Continuando a andar pelo passeio, vi ao longe um prédio apenas de dois andares. Numa das suas varandas estava uma bela moça, que apresentava um bonito vestido branco com grandes pintas vermelhas, era a Helena, a minha paixão. Sorriu para mim e entrou dentro de casa, acelarei o passo e nem sequer prestei atenção a uma grave discussão que se estava a passar numa sala de jogos próximo da entrada da casa dela. Os barulhos das maquinas de jogos desapareciam com a imagem da Helena a abrir-me a porta. Entrei na porta de casa dela, enquanto me puxava a mão para dentro de casa. A sua sala era simples, com pouca mobilia e sempre arrumada. O seu toque feminino fazia a casa sinceramente agradável, tornando vergonhosa a minha toca de pedaços de piza em cima dos moveis e roupa espalhada pelo chão.

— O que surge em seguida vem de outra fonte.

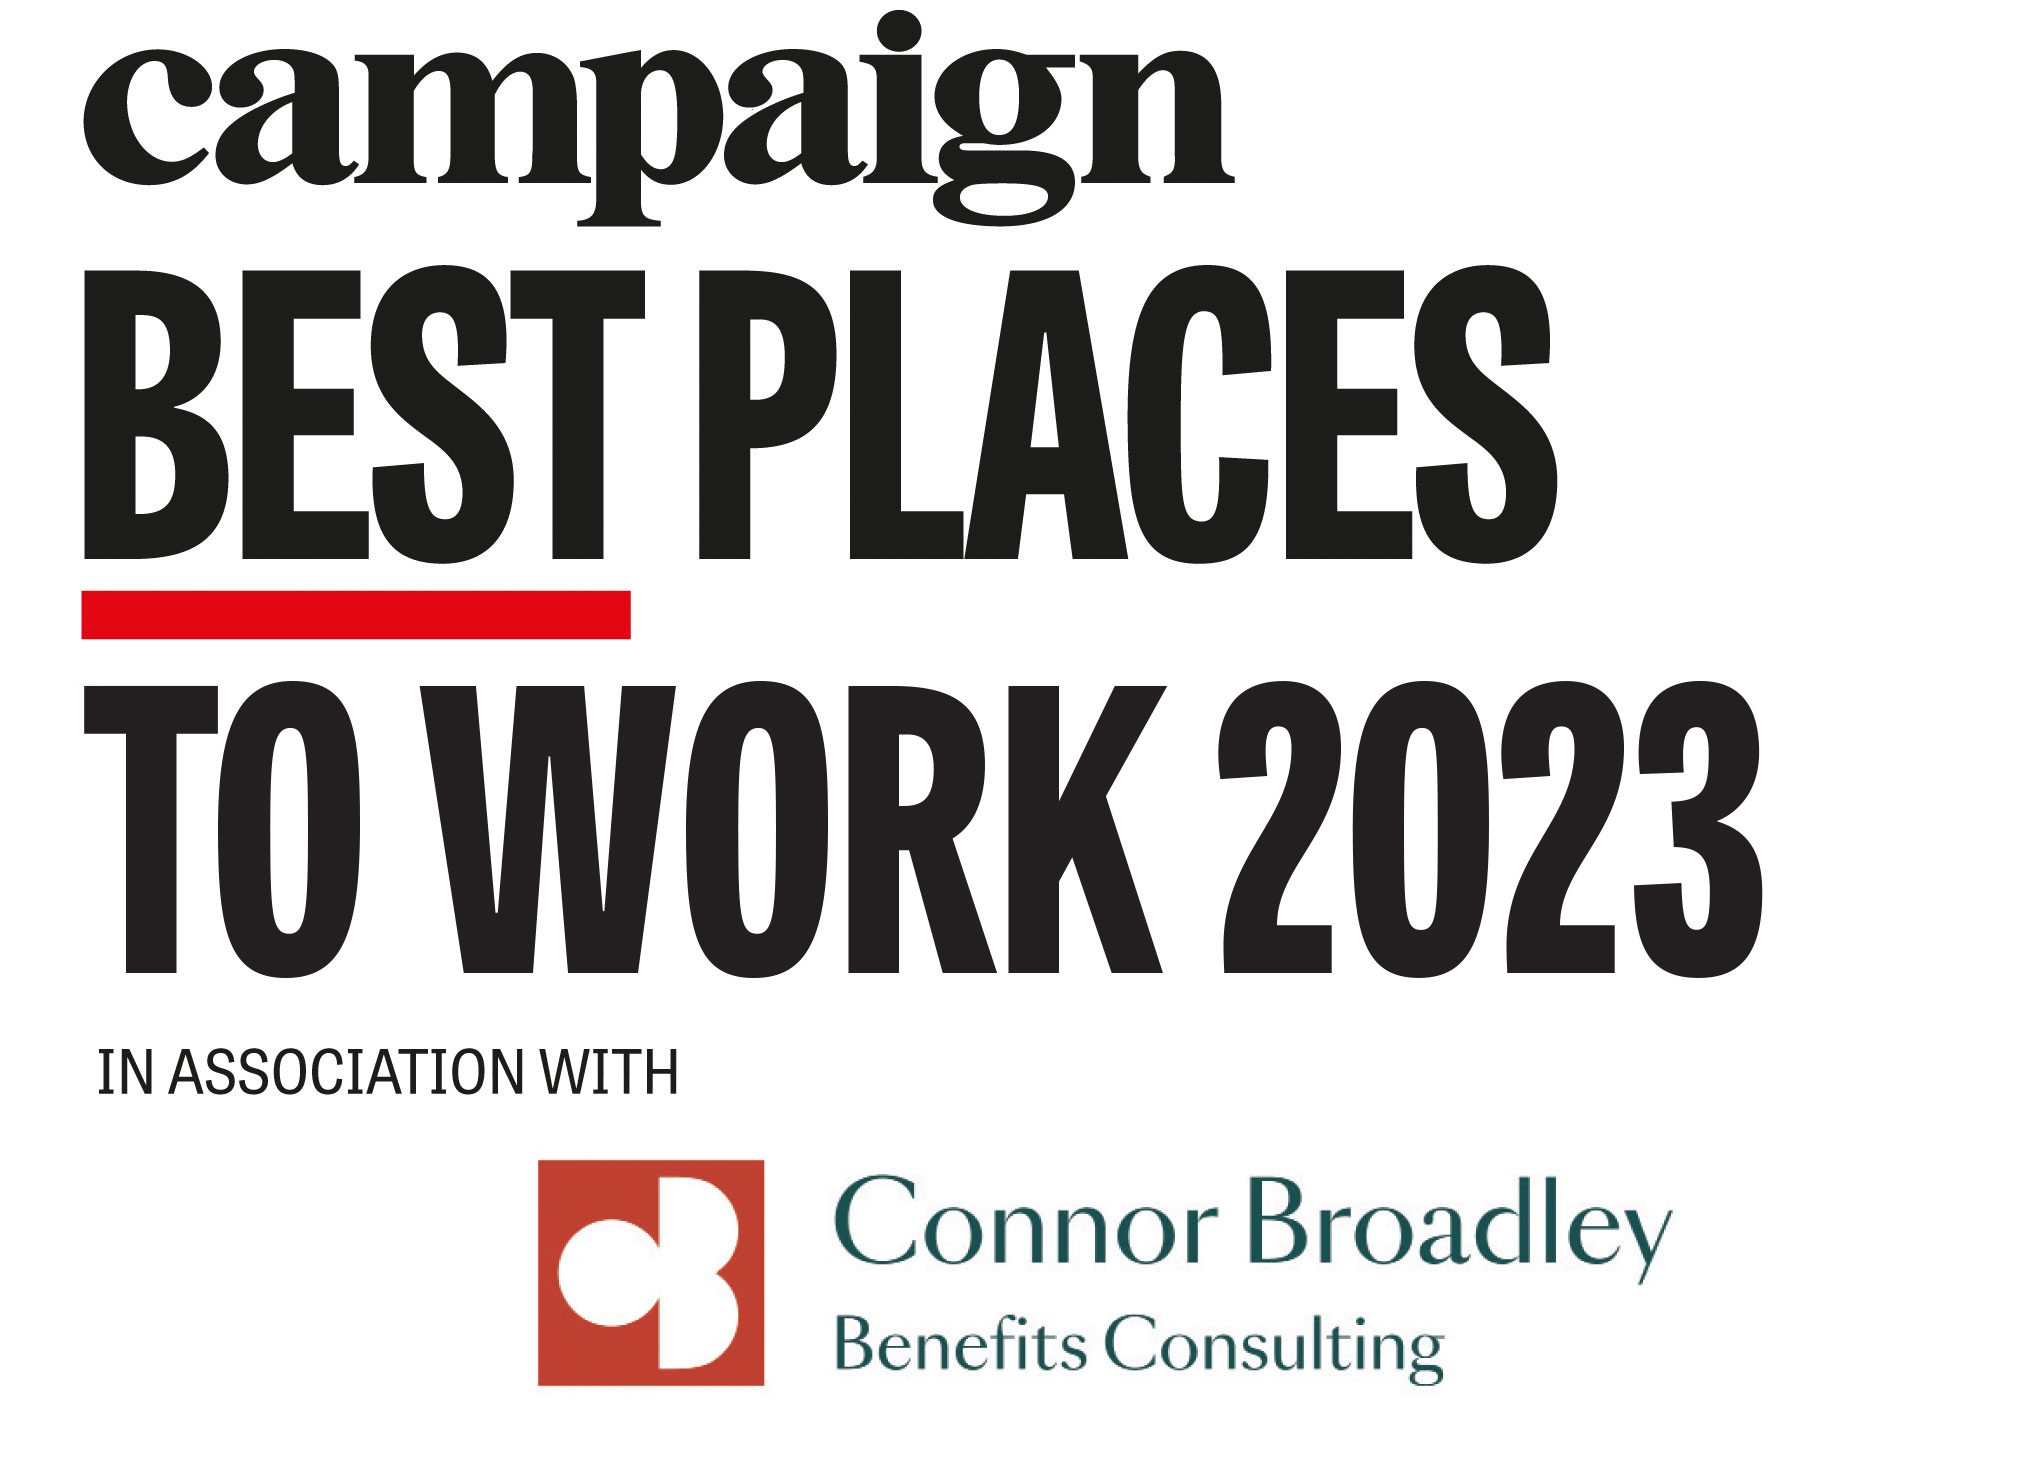 Campaign’s Best Places to Work Logo

Uma mesa central tinha uma jarra com rosas vermelhas e um antigo gira-discos. Levando-me para perto da mesa, tirou uma das rosas do jarro que usou para prender o seu cabelo castanho e liso, atrás da cabeça. Os seus olhos cor de mel brilhavam ao olhar para mim. Mordendo o lábio inferior, ligou o gira-discos que começou a produzir um tango. Chegou-se ao pé de mim e levando os seus lábios junto aos meus ouvidos, sussurrou-me “Vamos Dançar”. Apesar de não saber bem dançar tango, toda aquela sensualidade de Helena levou-me a um estado de paixão profunda, que me fez compreender esta mui sensual dança. O tempo deixou de ser tempo, a música deixou de ser música, tudo aquilo se tornou num local onde a única coisa que se sentia era o amor. A dança não era suave, mas era de um jeito mexido que acelerava o coração. O som era apaixonante e a Helena a corrente que me ligava a isso mesmo.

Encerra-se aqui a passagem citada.